Perşembe, Nisan 26, 2007

KIRP

Bu yazıda yalnızlığımdan, çaresizliğimden ve esaretimden dem vuracakmışım gibi geliyor. Gerçi belli olmam, mutsuz yüzümü görmeyesin/görmeyeyim diye elimden geleni ardıma koymam ben. Yine de.. yine de.. belki anlatırım ha?

Kimyamız uyuşmadı kelamı şimdiye dek ne dilimden ne de elimden dökülmüştür. Ancak geçtiğimiz günlerde çaresizlik içinde kıvrandığım, derdimi anlatmaya dimağımdaki lugatın yetmediği bir anda kurduğum cümle içerisinde geçti. Anlatamıyorsamkonuşmayayım kardeş o gün gezmelere gitmişti. Bazı kelimelere, deyimlere ve hatta cümlelere açıktan ve alenen gıcığım vardır, bu da onlardandır esasında ( diğerleri iki nokta üstüste irrite - fevkalade - fevkaladenin fevki - bağlam - stres - biçem - gerçeklik - pozitif bakmak... hatırladıkça eklerim ) . Gelme üzerime daha fazla. Seviyor olabilirim seni.

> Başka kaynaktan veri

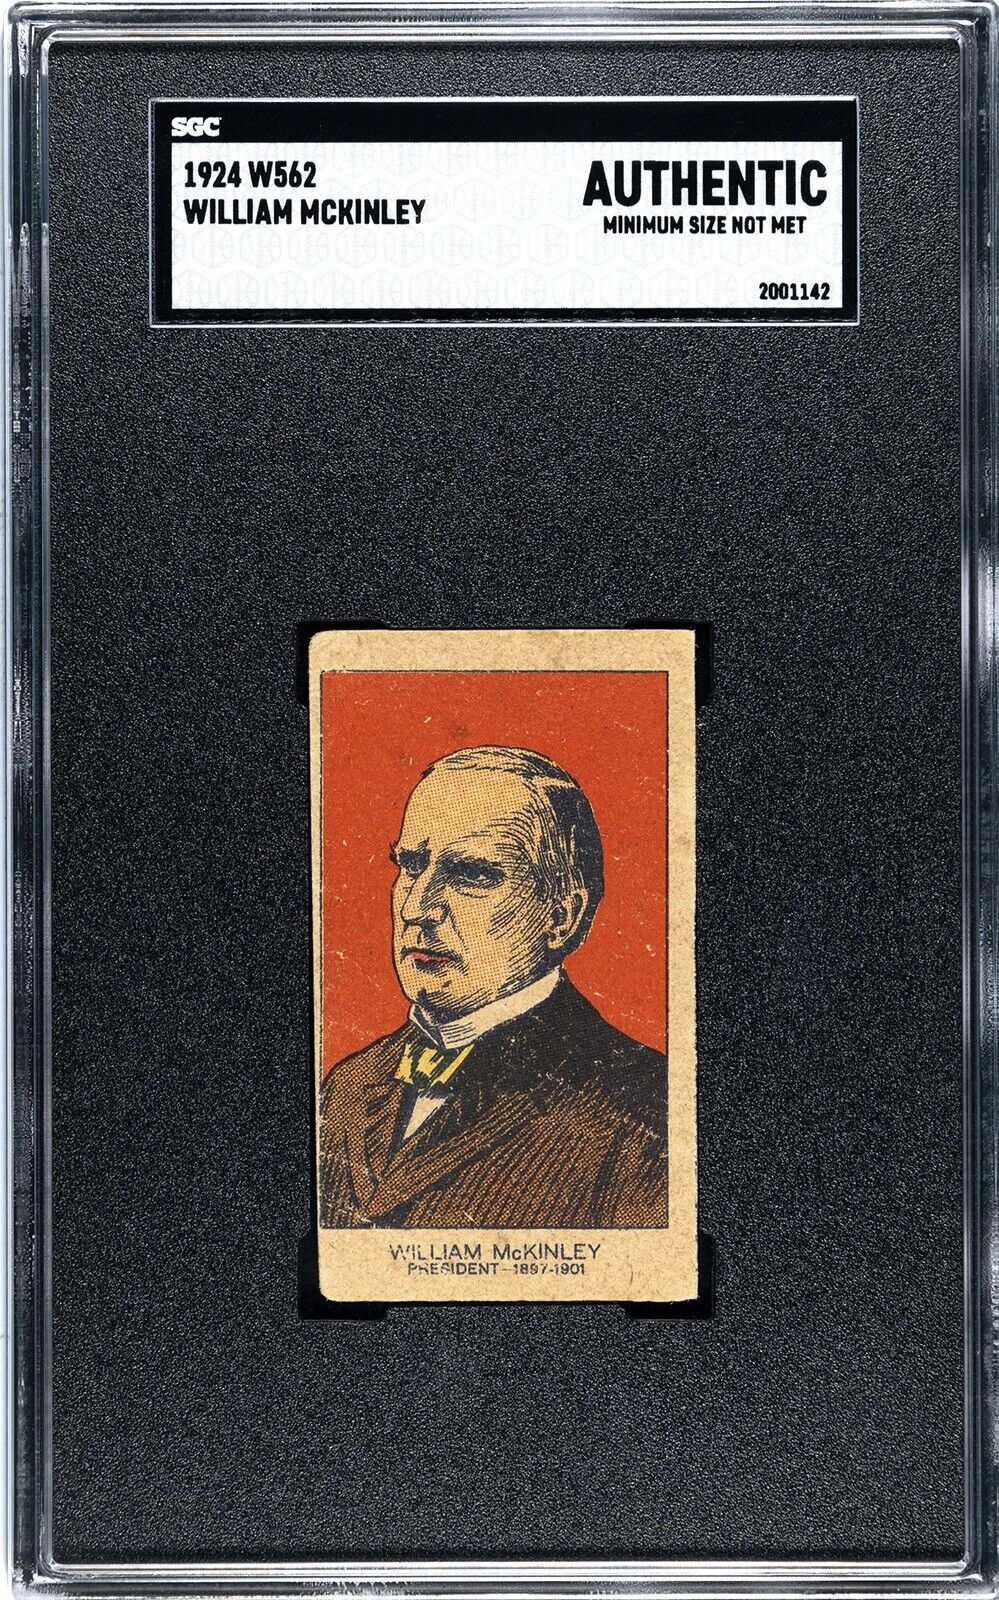 RARE 1924 W562 President William McKinley Strip Card - SGC Authentic - POP 2

Bu şehirle, burada yaşayan insanlarla hiç bir zaman kimyam uyuşmadı. Ne ben onları sevip kabullenebildim ne de onlar beni.

Kurduğum cümle yaklaşık bu idi ve inanır mısın çok doğru idi.

maslahatgüzar bu yazıyı işlerinin çokluğu yüzünden bitiremedi, iki gün sonra kaldığı yerden devam etmek istedi ancak asık suratlı Londravari ruh durumu, yerini pırıl pırıl Antalya güneşine bırakmıştı.